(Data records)
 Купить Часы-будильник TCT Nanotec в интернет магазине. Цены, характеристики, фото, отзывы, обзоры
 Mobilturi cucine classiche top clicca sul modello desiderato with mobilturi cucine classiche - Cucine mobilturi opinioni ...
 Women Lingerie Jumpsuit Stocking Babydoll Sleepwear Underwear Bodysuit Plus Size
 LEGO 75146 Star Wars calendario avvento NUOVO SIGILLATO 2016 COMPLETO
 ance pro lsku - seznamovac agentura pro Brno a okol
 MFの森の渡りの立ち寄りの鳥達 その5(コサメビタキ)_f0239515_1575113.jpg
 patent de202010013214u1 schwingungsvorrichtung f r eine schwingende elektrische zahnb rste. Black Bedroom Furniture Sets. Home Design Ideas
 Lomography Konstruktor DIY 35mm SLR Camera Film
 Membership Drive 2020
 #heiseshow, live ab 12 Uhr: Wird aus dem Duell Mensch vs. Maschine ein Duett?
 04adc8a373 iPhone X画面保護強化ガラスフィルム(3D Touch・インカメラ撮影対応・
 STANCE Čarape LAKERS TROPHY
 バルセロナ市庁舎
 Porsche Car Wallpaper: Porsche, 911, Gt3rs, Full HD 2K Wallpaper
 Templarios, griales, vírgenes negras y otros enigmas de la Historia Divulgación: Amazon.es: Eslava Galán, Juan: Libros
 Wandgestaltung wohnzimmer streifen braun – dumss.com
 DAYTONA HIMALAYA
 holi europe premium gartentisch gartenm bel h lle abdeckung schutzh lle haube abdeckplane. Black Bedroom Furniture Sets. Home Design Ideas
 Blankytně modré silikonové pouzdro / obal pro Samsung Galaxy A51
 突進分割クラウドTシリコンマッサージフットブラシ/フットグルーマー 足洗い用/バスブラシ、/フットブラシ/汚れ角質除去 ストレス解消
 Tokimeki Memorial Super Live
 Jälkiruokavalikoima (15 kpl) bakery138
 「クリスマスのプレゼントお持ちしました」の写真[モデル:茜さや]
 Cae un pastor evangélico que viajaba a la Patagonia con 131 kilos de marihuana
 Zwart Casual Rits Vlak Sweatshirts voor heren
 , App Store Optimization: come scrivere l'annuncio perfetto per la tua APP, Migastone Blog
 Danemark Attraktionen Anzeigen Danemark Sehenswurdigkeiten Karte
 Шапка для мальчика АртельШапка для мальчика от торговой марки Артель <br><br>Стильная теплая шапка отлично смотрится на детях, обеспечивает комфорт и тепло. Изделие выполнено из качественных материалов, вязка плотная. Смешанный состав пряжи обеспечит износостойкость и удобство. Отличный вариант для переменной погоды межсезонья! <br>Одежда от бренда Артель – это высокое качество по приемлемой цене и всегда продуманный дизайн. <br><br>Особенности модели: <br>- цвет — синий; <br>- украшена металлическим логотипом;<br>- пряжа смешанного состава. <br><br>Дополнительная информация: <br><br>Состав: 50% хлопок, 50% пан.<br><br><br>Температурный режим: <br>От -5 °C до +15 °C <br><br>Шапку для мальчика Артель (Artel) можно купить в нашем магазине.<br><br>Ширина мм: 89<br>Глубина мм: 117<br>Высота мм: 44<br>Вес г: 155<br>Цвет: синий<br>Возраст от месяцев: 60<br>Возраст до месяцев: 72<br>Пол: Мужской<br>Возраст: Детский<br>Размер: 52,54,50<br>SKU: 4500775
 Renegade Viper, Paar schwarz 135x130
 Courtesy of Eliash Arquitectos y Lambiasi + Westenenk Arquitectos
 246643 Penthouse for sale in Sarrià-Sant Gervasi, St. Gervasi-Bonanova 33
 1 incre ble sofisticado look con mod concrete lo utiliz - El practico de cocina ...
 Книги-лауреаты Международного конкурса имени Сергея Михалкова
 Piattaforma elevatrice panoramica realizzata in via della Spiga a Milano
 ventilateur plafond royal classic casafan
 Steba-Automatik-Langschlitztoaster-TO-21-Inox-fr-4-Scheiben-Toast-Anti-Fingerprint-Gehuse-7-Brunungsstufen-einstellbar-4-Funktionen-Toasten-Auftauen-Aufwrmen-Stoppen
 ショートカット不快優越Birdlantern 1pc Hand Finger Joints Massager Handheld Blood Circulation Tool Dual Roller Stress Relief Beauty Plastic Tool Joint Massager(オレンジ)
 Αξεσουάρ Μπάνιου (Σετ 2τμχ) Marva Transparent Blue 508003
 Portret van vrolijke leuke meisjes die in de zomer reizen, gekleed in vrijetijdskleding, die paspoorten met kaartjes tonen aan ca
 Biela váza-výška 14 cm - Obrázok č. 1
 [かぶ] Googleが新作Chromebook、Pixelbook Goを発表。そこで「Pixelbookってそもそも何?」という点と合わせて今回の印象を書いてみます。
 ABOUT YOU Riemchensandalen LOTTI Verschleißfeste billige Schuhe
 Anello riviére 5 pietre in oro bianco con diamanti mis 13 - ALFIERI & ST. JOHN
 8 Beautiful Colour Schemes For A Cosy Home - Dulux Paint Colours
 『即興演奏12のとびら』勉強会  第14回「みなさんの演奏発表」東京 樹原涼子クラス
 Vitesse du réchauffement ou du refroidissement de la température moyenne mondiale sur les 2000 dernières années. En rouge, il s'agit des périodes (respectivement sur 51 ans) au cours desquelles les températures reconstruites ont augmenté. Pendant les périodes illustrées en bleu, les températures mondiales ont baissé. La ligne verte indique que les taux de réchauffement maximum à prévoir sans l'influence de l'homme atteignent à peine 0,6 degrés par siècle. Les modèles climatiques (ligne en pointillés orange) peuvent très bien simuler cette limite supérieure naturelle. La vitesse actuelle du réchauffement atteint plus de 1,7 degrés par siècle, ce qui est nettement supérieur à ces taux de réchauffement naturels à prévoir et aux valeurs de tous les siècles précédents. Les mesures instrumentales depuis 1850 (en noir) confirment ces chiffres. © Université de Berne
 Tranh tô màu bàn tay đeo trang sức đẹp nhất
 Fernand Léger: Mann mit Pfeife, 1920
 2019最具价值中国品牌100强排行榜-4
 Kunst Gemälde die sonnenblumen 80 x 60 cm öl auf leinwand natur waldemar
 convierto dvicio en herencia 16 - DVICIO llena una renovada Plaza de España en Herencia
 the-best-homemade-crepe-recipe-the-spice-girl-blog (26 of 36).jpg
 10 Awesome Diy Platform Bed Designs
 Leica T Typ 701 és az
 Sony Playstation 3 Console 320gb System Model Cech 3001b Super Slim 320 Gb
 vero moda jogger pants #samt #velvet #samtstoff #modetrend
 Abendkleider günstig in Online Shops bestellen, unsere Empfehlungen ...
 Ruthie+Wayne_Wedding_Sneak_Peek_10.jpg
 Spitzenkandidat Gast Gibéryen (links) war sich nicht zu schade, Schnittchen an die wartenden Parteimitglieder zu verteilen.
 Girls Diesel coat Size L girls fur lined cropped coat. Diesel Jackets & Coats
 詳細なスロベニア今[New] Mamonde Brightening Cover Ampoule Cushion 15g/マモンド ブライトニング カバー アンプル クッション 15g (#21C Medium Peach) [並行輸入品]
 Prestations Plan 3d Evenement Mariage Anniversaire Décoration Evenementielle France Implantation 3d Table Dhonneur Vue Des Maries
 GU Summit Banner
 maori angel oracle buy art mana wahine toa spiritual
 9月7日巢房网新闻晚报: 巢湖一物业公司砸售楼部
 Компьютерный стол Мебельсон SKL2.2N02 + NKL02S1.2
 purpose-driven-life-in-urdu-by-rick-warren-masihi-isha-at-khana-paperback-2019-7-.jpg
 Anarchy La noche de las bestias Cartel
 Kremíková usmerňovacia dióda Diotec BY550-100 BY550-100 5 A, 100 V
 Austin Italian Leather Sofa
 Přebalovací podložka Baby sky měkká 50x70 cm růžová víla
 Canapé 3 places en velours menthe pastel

■ **Brief**
Please reproduce exactly the lines from the first one of the records above through the line containing "#heiseshow, live ab", both included, and nothing else.

■ **Answer to this problem**
 Купить Часы-будильник TCT Nanotec в интернет магазине. Цены, характеристики, фото, отзывы, обзоры
 Mobilturi cucine classiche top clicca sul modello desiderato with mobilturi cucine classiche - Cucine mobilturi opinioni ...
 Women Lingerie Jumpsuit Stocking Babydoll Sleepwear Underwear Bodysuit Plus Size
 LEGO 75146 Star Wars calendario avvento NUOVO SIGILLATO 2016 COMPLETO
 ance pro lsku - seznamovac agentura pro Brno a okol
 MFの森の渡りの立ち寄りの鳥達 その5(コサメビタキ)_f0239515_1575113.jpg
 patent de202010013214u1 schwingungsvorrichtung f r eine schwingende elektrische zahnb rste. Black Bedroom Furniture Sets. Home Design Ideas
 Lomography Konstruktor DIY 35mm SLR Camera Film
 Membership Drive 2020
 #heiseshow, live ab 12 Uhr: Wird aus dem Duell Mensch vs. Maschine ein Duett?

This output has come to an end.